El cielo y la tierra

por | 21:39:00
Ya sabemos que el fútbol y la prensa juegan un curioso juego en el que el término medio parece estar mal visto. La concurrida situación en la que se pasa del todo o la nada obedece, como no, a la naturaleza del juego: no en vano el segundo es siempre el primero de los perdedores.

Es por ello que surgen a menudo voces que reclaman una mayor templanza a los aficionados. Pero esas voces también pertenecen a una franja del juego en la que la gracia consiste en que todos asumimos un rol, como en cualquier grupo social. El fútbol es el espejo de la sociedad de consumo en la que vivimos, y del mismo modo según el cual no nos escapamos de las jerarquías en la calle o en nuestro trabajo, en el fútbol siempre van a haber posturas más enconadas y otras más tibias. Y yo no entiendo las unas sin las otras. Es la sal de todo esto.

Por ejemplo, hace poco se vaticinaba que la liga española corría un riesgo de bipolarización: por un lado, el Madrid y el Barça y, por otro, el resto. Los que clamábamos por que se tuviera paciencia y más consideración por equipos como el Sevilla somos esas posturas tibias. Pero ni tan siquiera nosotros equivocamos al mecanismo futbolero: ahora sacamos pecho por la victoria del Sevilla, que nos da la razón. Pero como esta es la liga española, y vivimos en una sociedad de prisas, si el Depor gana al Sevilla la próxima jornada pasaremos a una nueva situación, en la que tendremos un candidato más (el Depor) o en la que tanto Sevilla como Depor serán mediocres e irregulares equipos.

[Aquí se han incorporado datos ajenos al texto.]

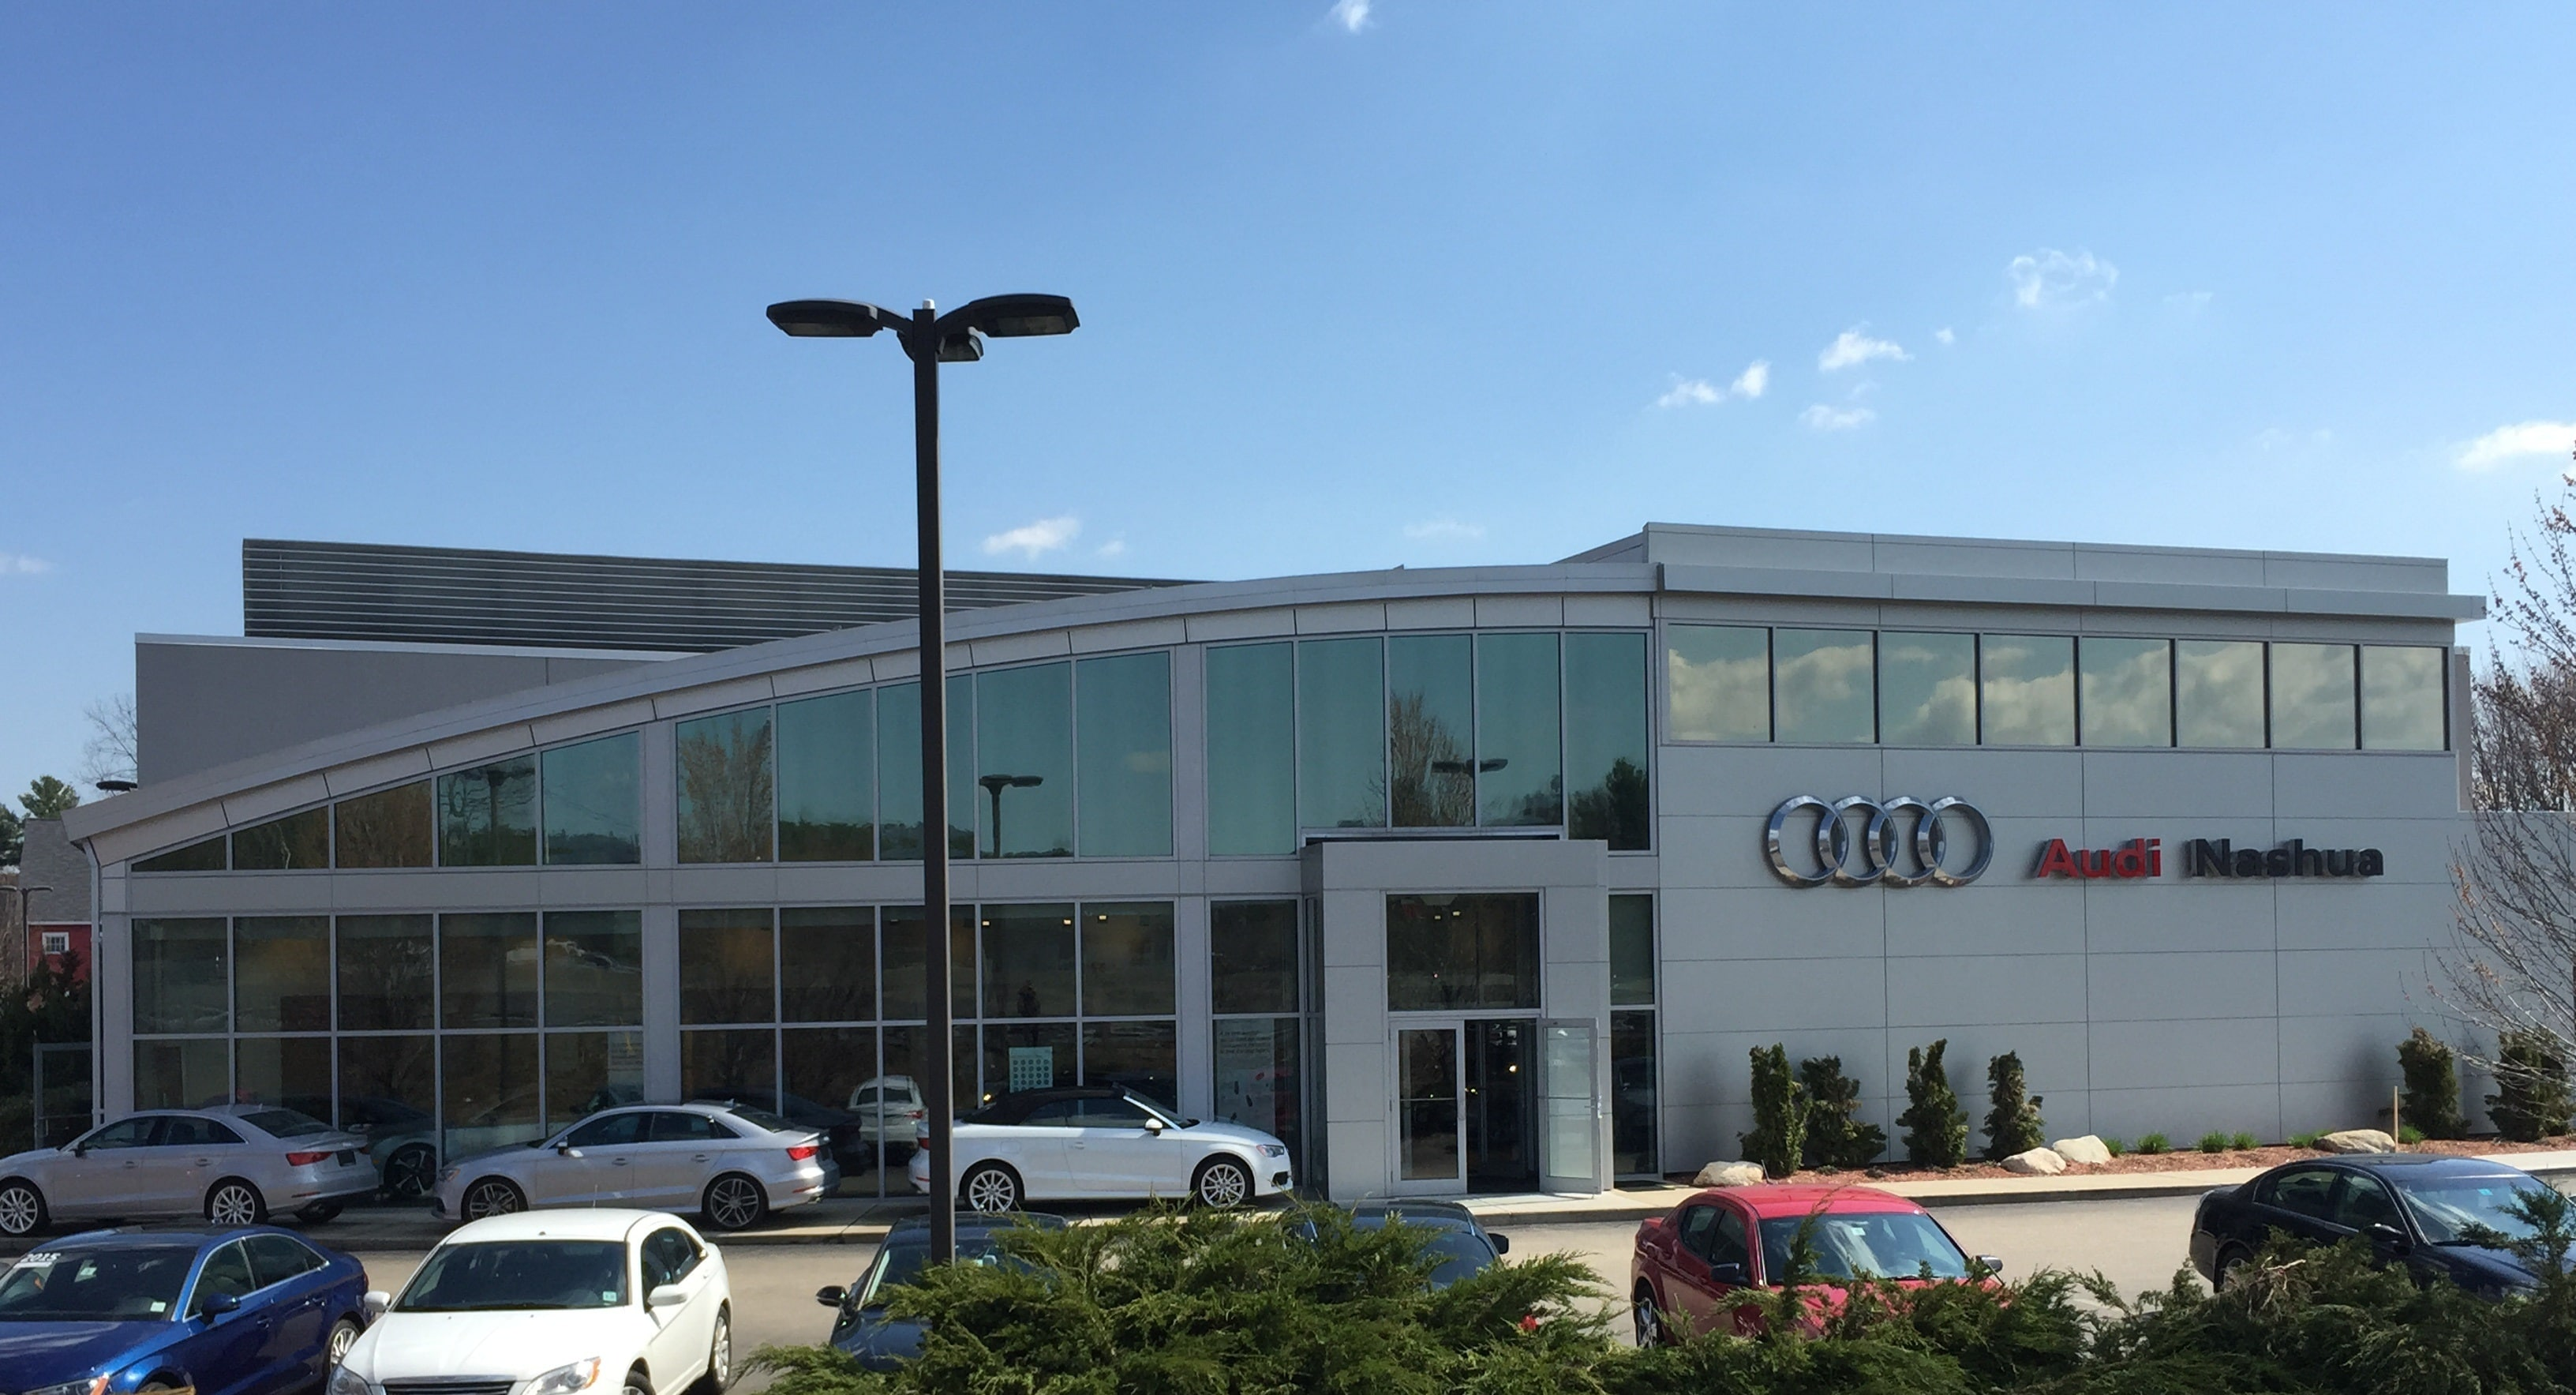 Contact Us Audi Of Nashua Oxford Audi Dealership - Audi dealerships in massachusetts

Yo de nuevo apuesto por la mesura. Y de paso, por el Sevilla. Y por no considerar que el Madrid se va a estrellar. Y me baso en como vi el Barça-Almería del pasado fin de semana: la grandeza de esto es que incluso un equipo como el andaluz puede poner en apuros al emperador del fútbol europeo. Aunque sea jugando ese "otro" fútbol. Porque hasta eso forma parte de la rueda del maravilloso juego.